(Assignment) Verbatim copy, images omitted: return the full listing.

(Supplied data)

-------------------------

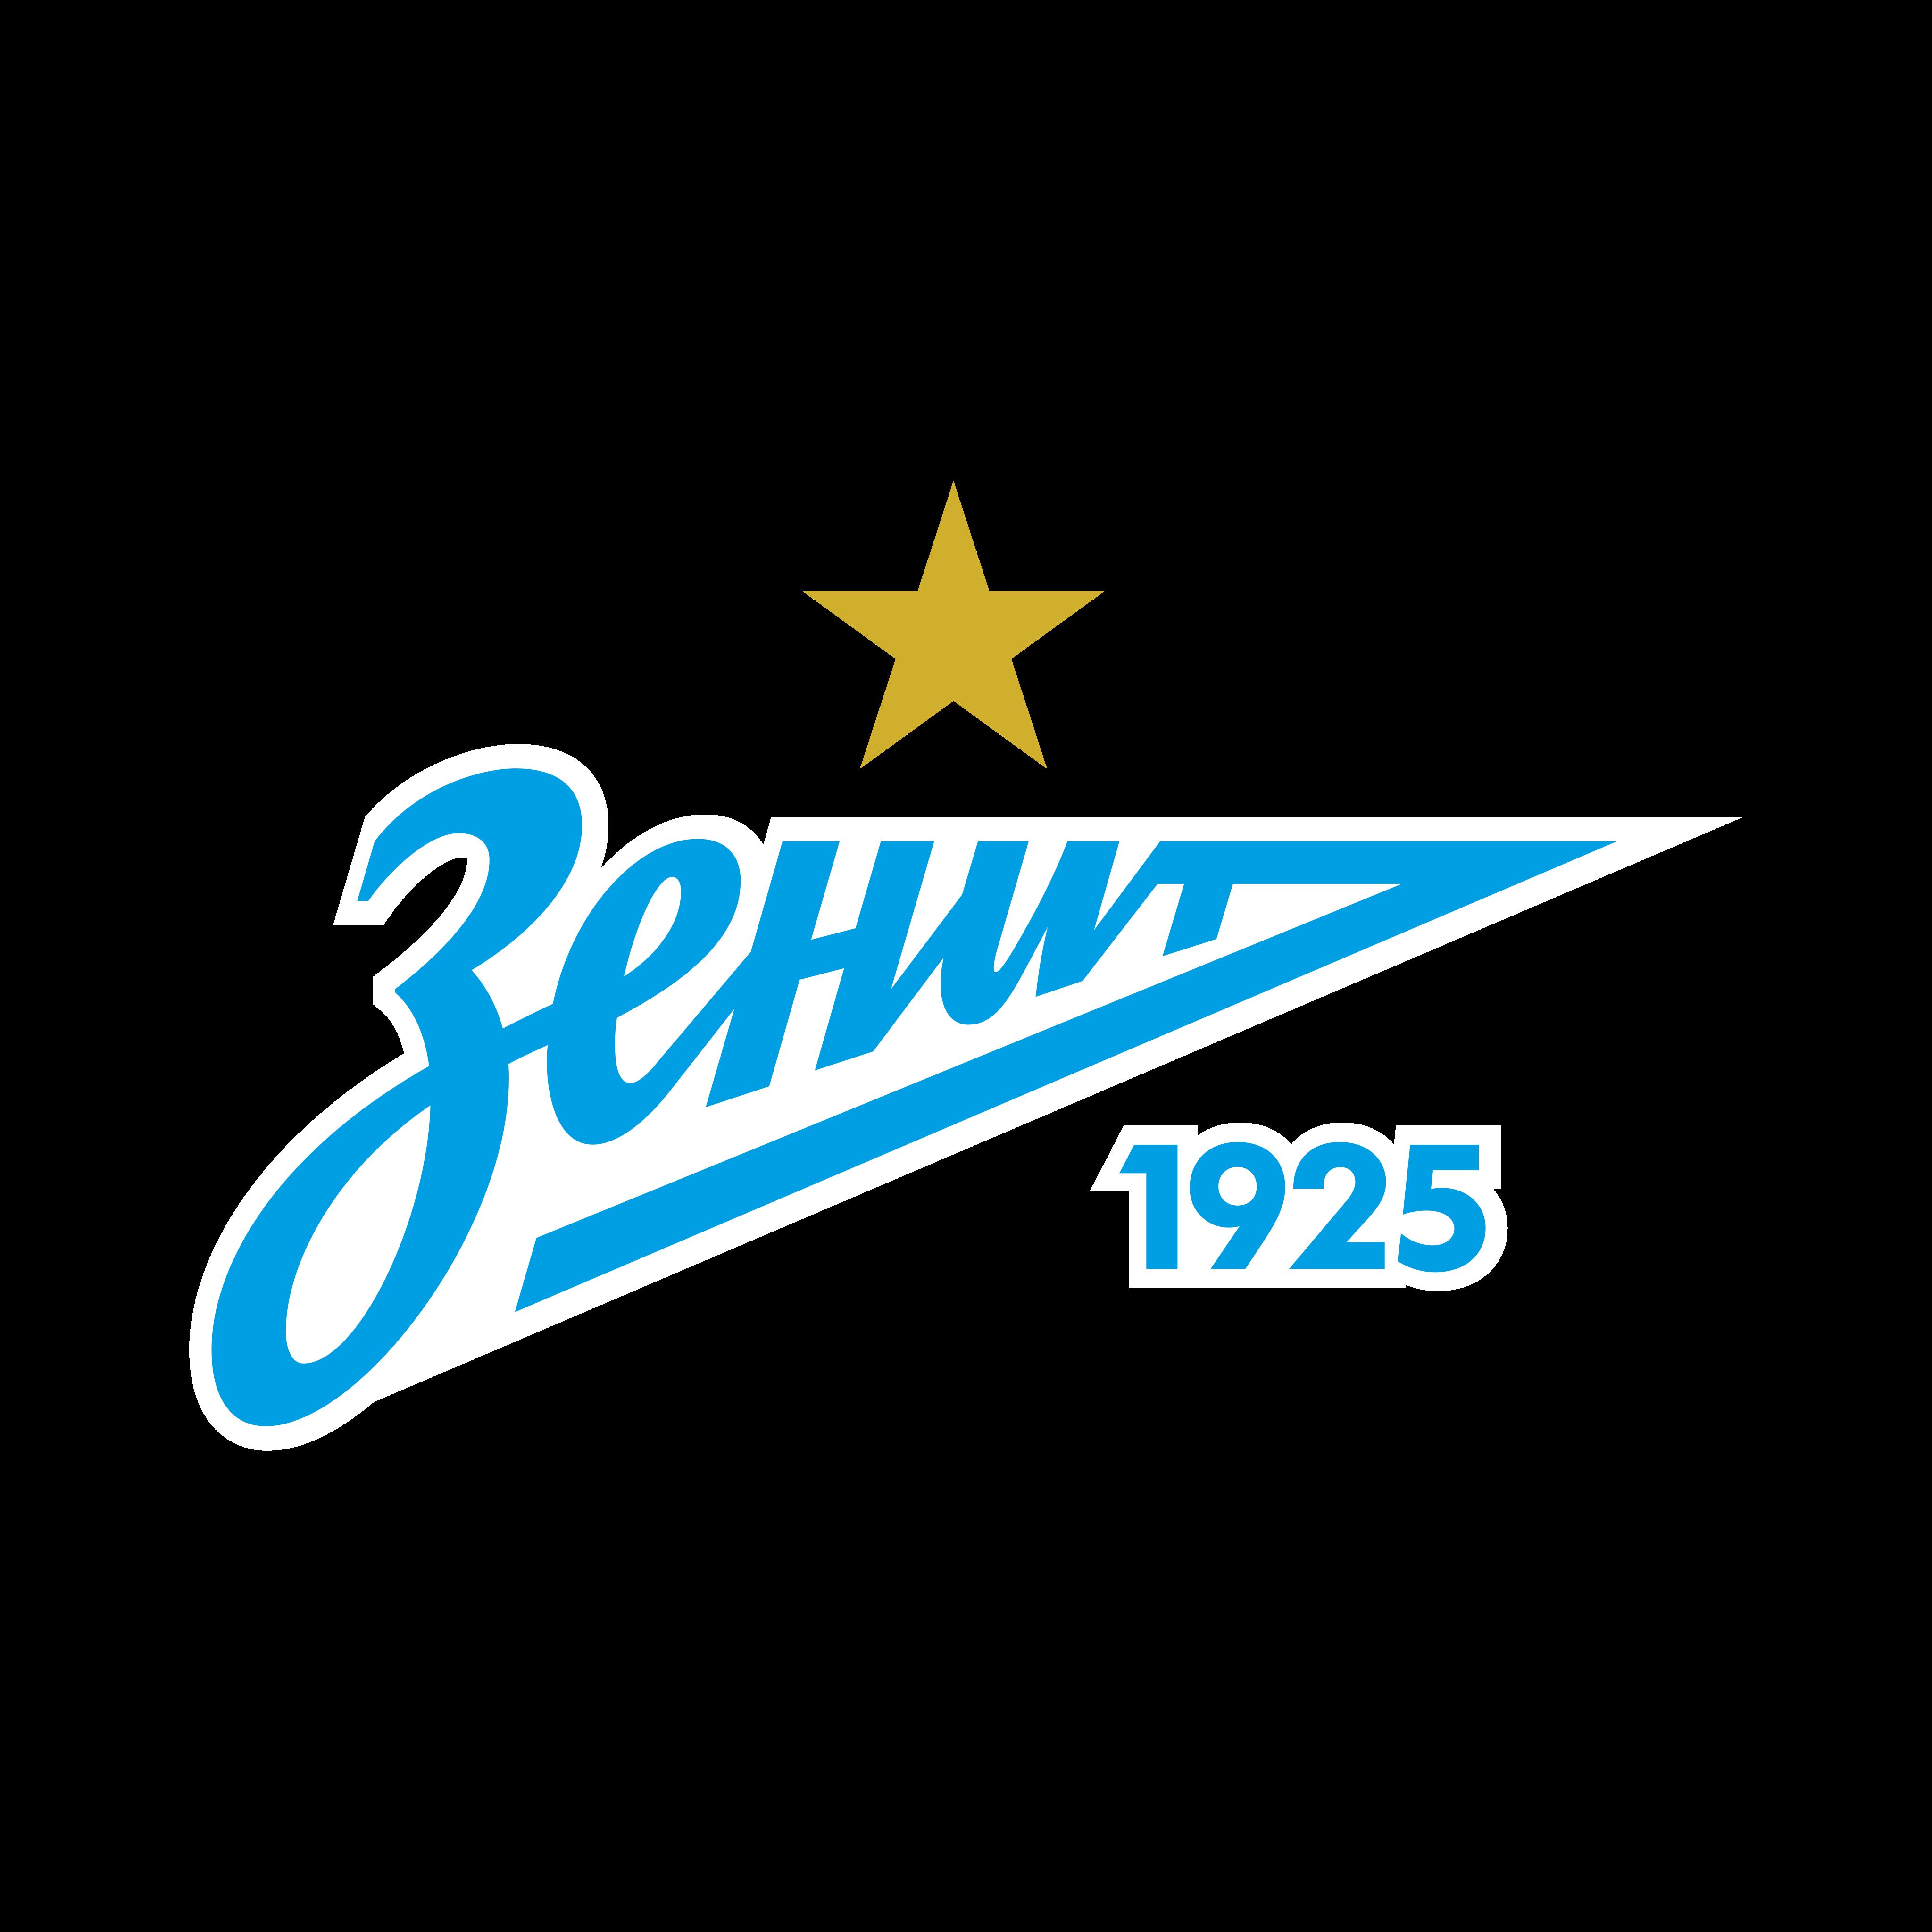 fc zenit logo 0 - FC Zenit Logo - Escudo
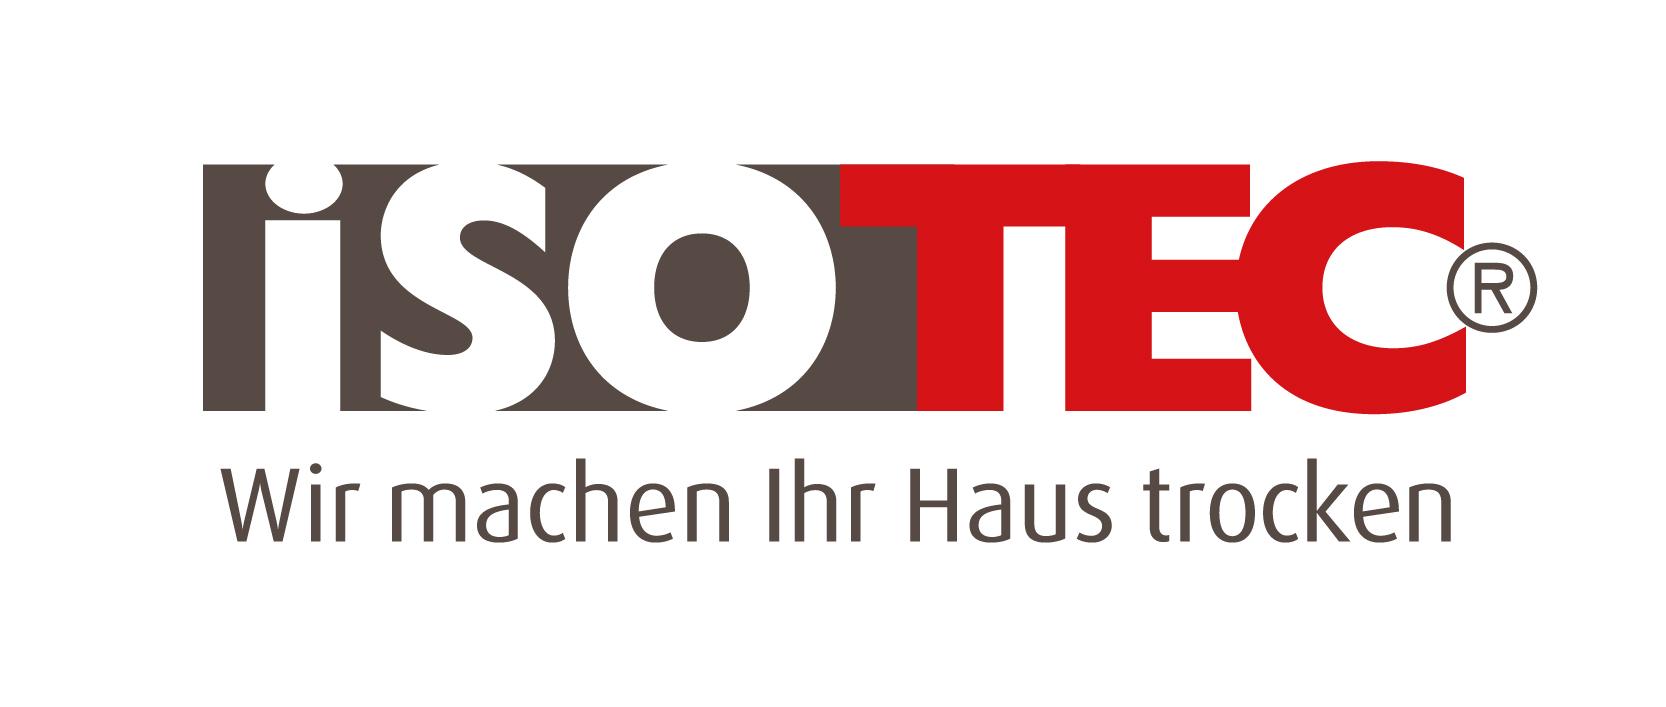 ISOTEC-Fachbetrieb Abdichtungssysteme Scheibli AG
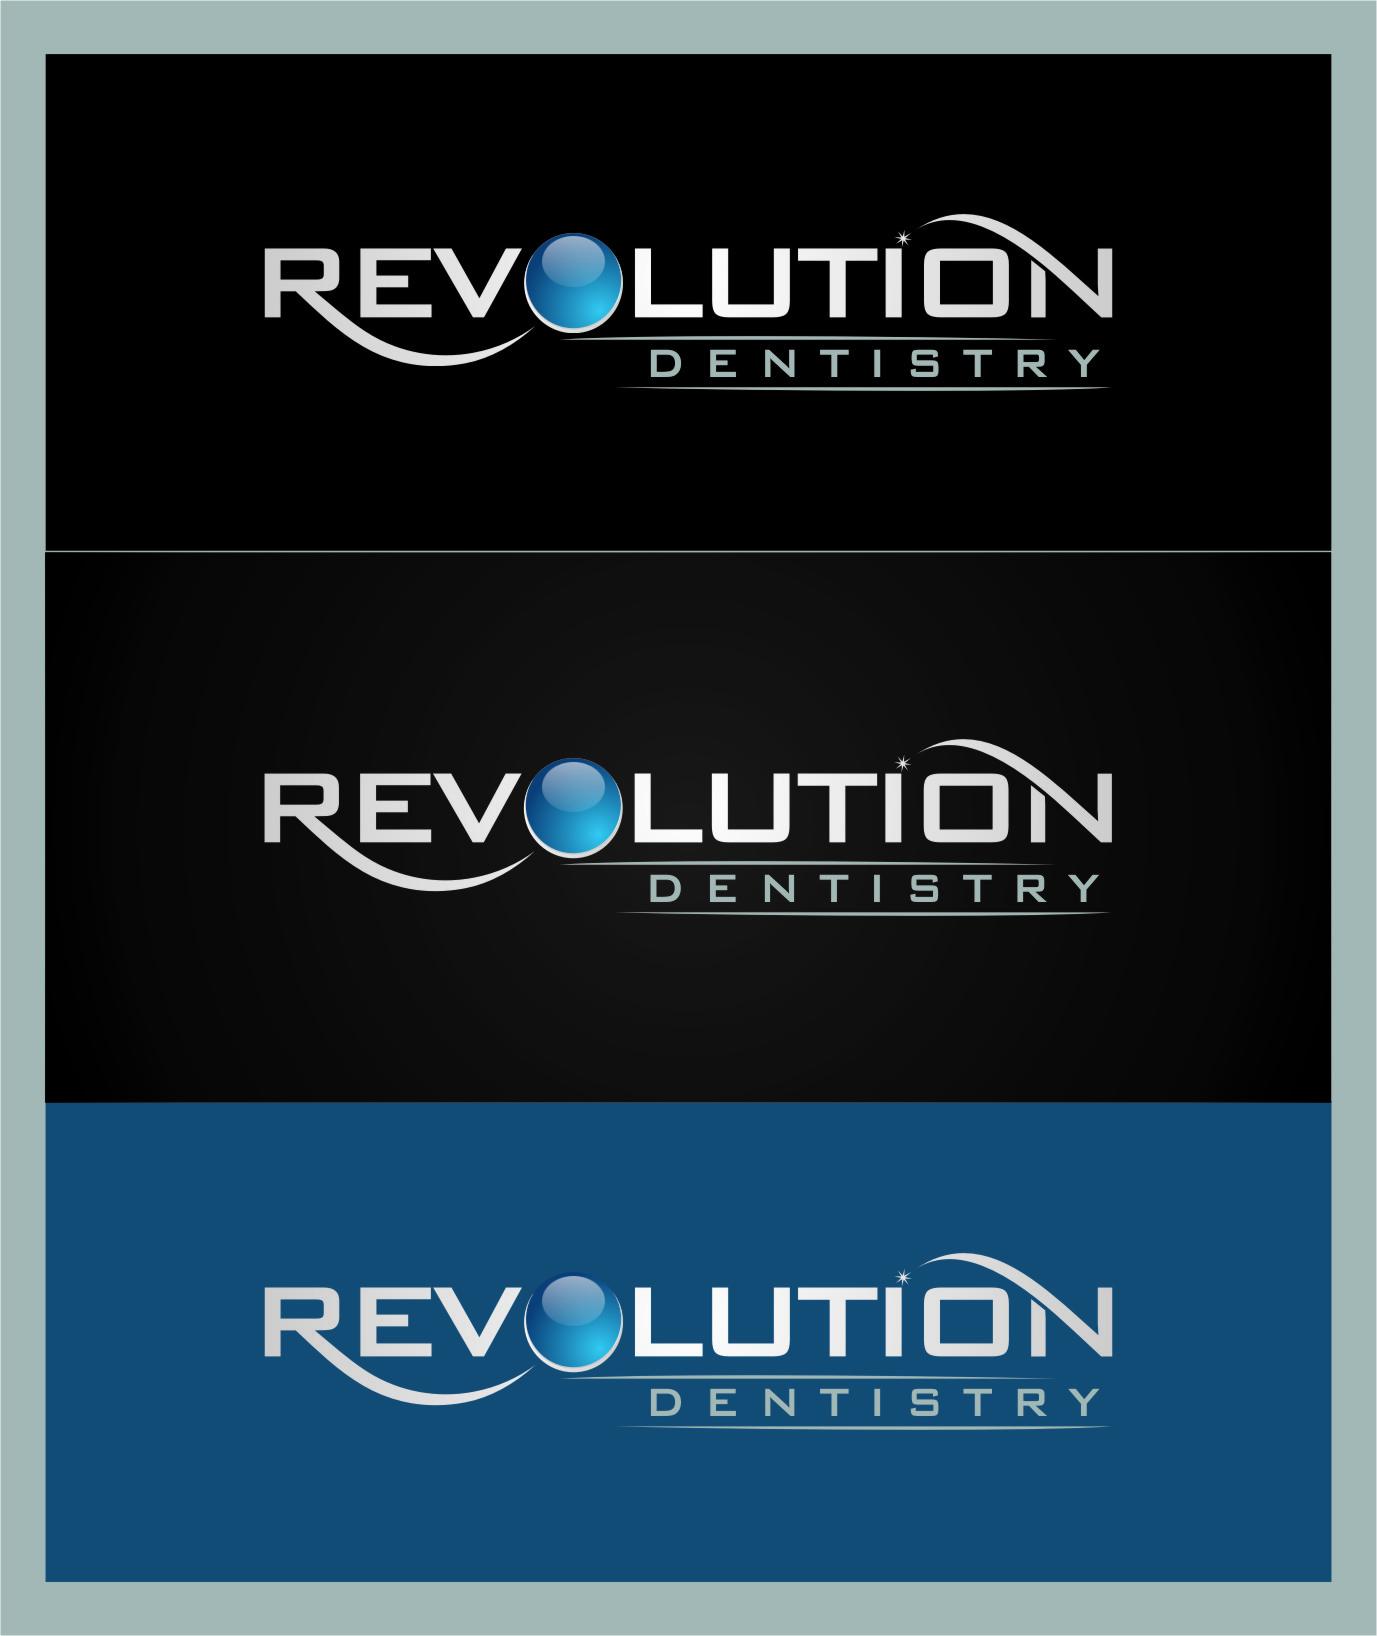 Logo Design by Ngepet_art - Entry No. 129 in the Logo Design Contest Artistic Logo Design for Revolution Dentistry.

-------------------------

(Response to the task)
 fc zenit logo 0 - FC Zenit Logo - Escudo
 ISOTEC-Fachbetrieb Abdichtungssysteme Scheibli AG
 Logo Design by Ngepet_art - Entry No. 129 in the Logo Design Contest Artistic Logo Design for Revolution Dentistry.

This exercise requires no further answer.